Could you print exactly the lines from the one that contains "Vol 355 Pyari Pari Girls Tshirt" to the end of the data, both ends included, and nothing else? Skip the pictures.

— Data block —
----------------------------------------

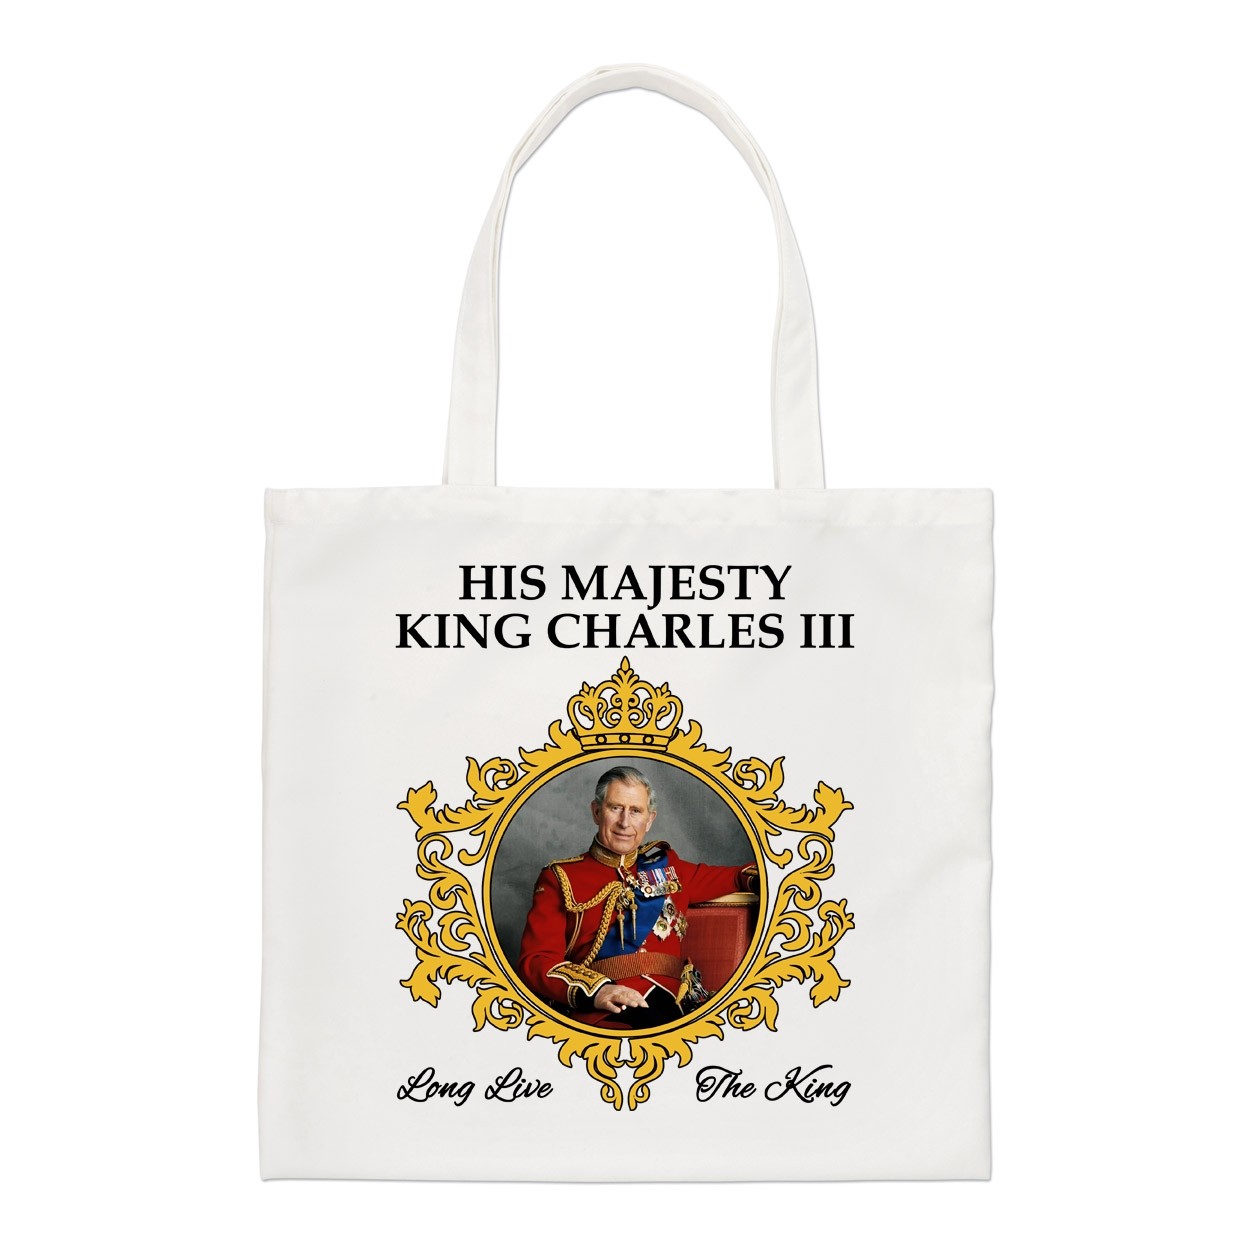 King Charles III 2022 Regular Tote Bag Commemorative Gift His Majesty
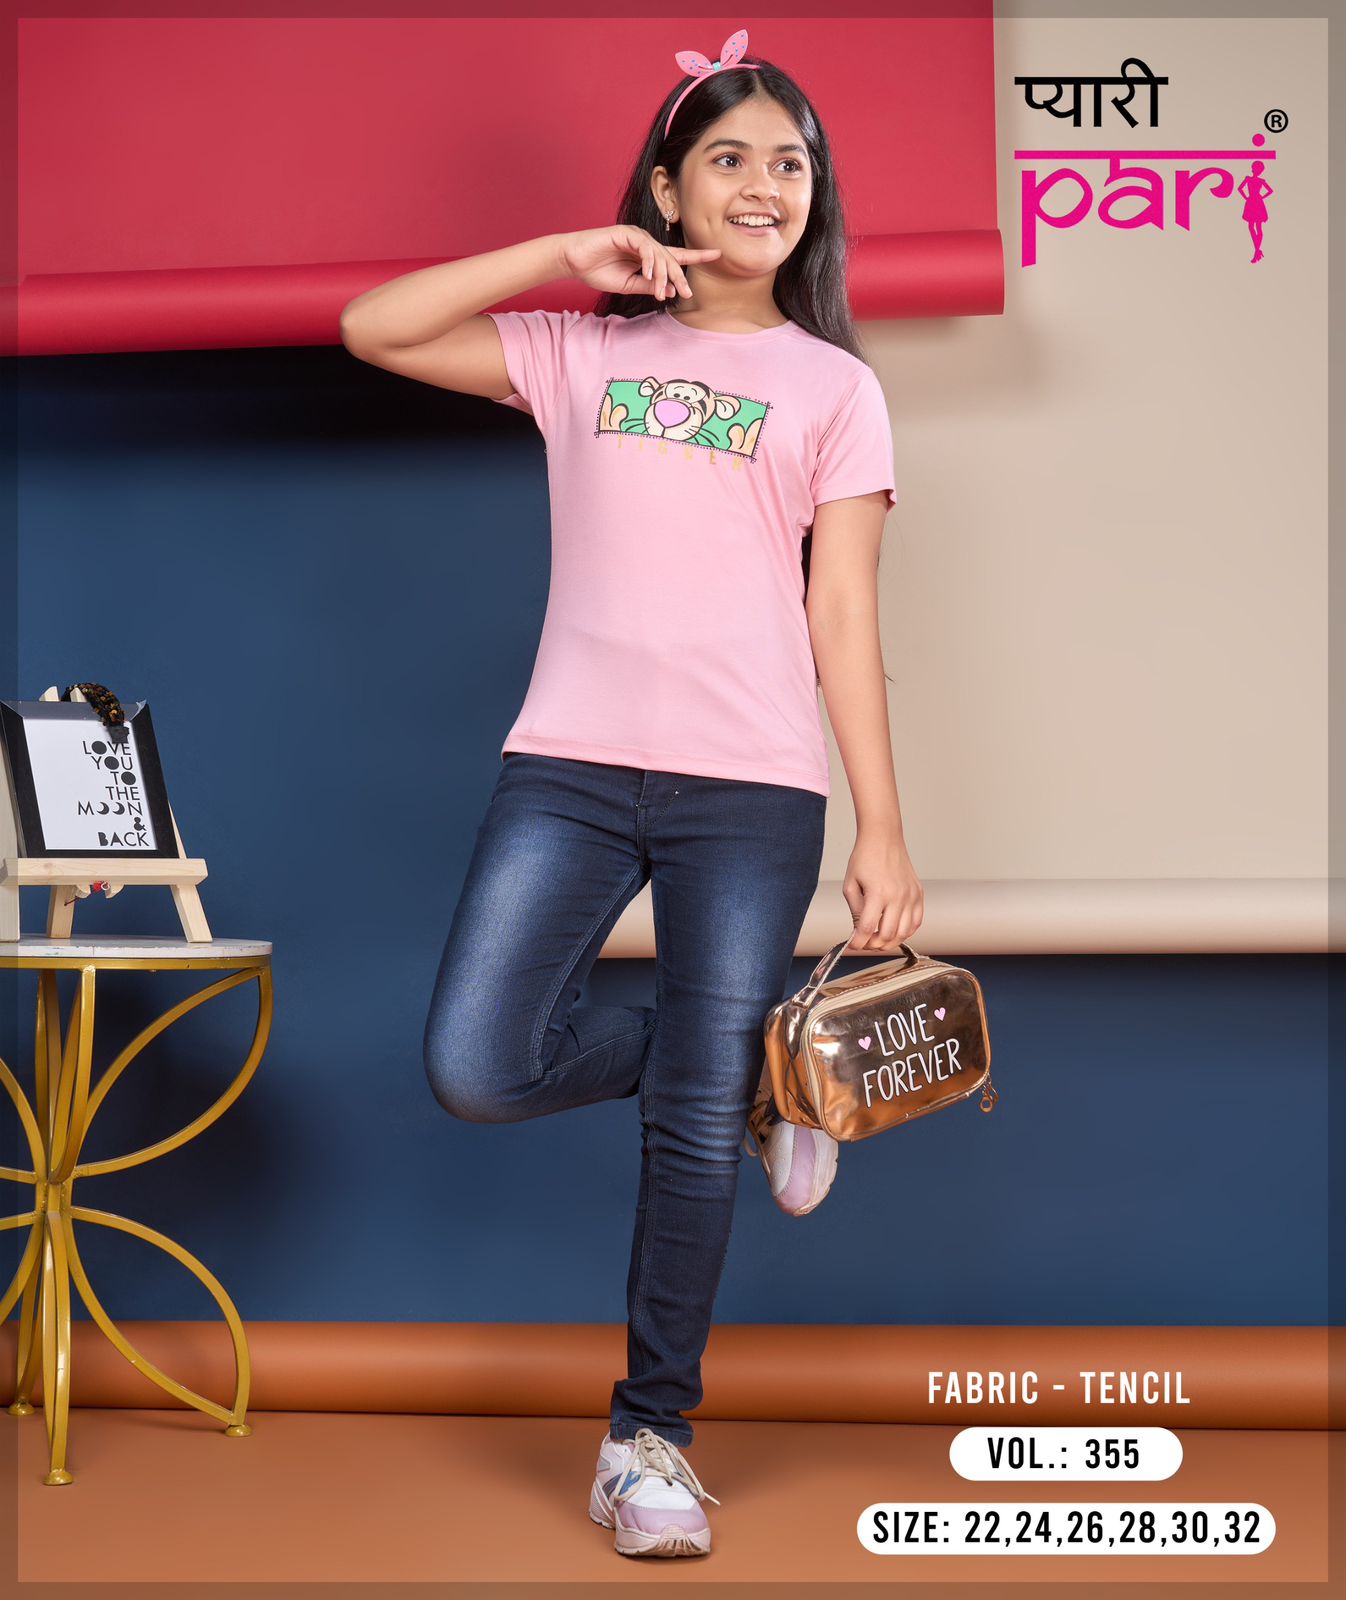 Vol 355 Pyari Pari Girls Tshirt
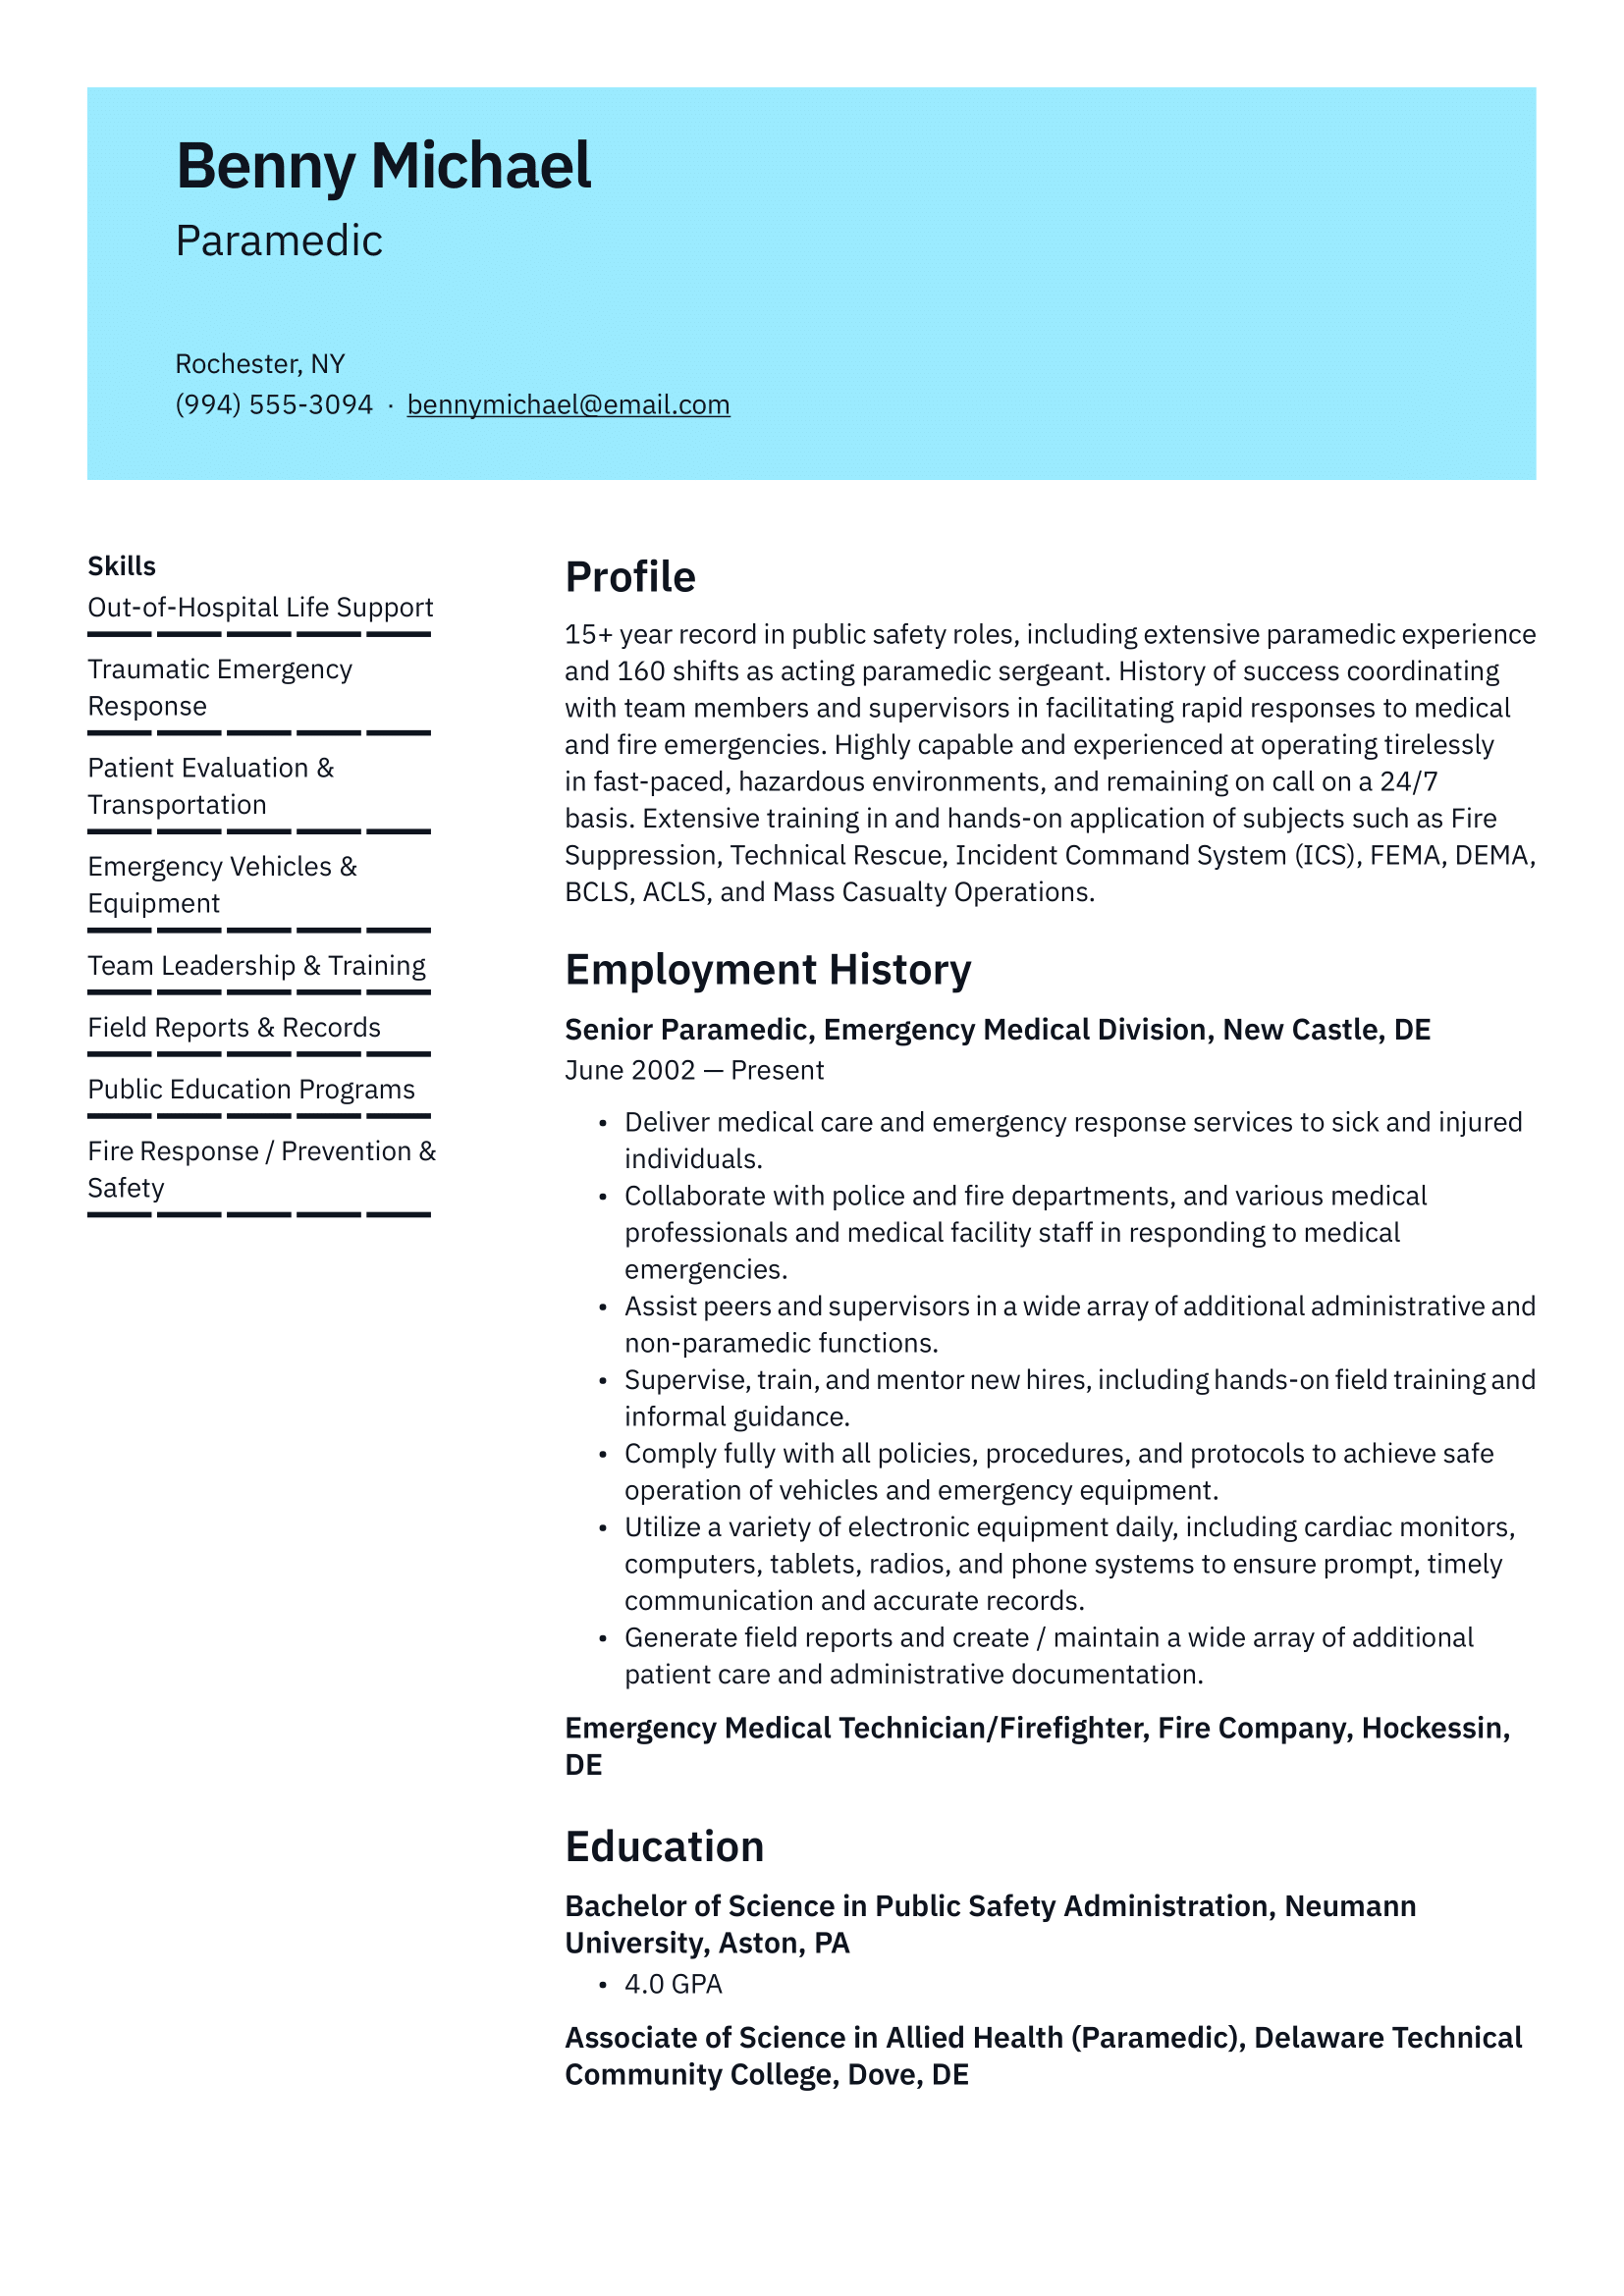 Paramedic Resume Example & Writing Guide

----------------------------------------

— Solution for this problem —
 Vol 355 Pyari Pari Girls Tshirt
 Paramedic Resume Example & Writing Guide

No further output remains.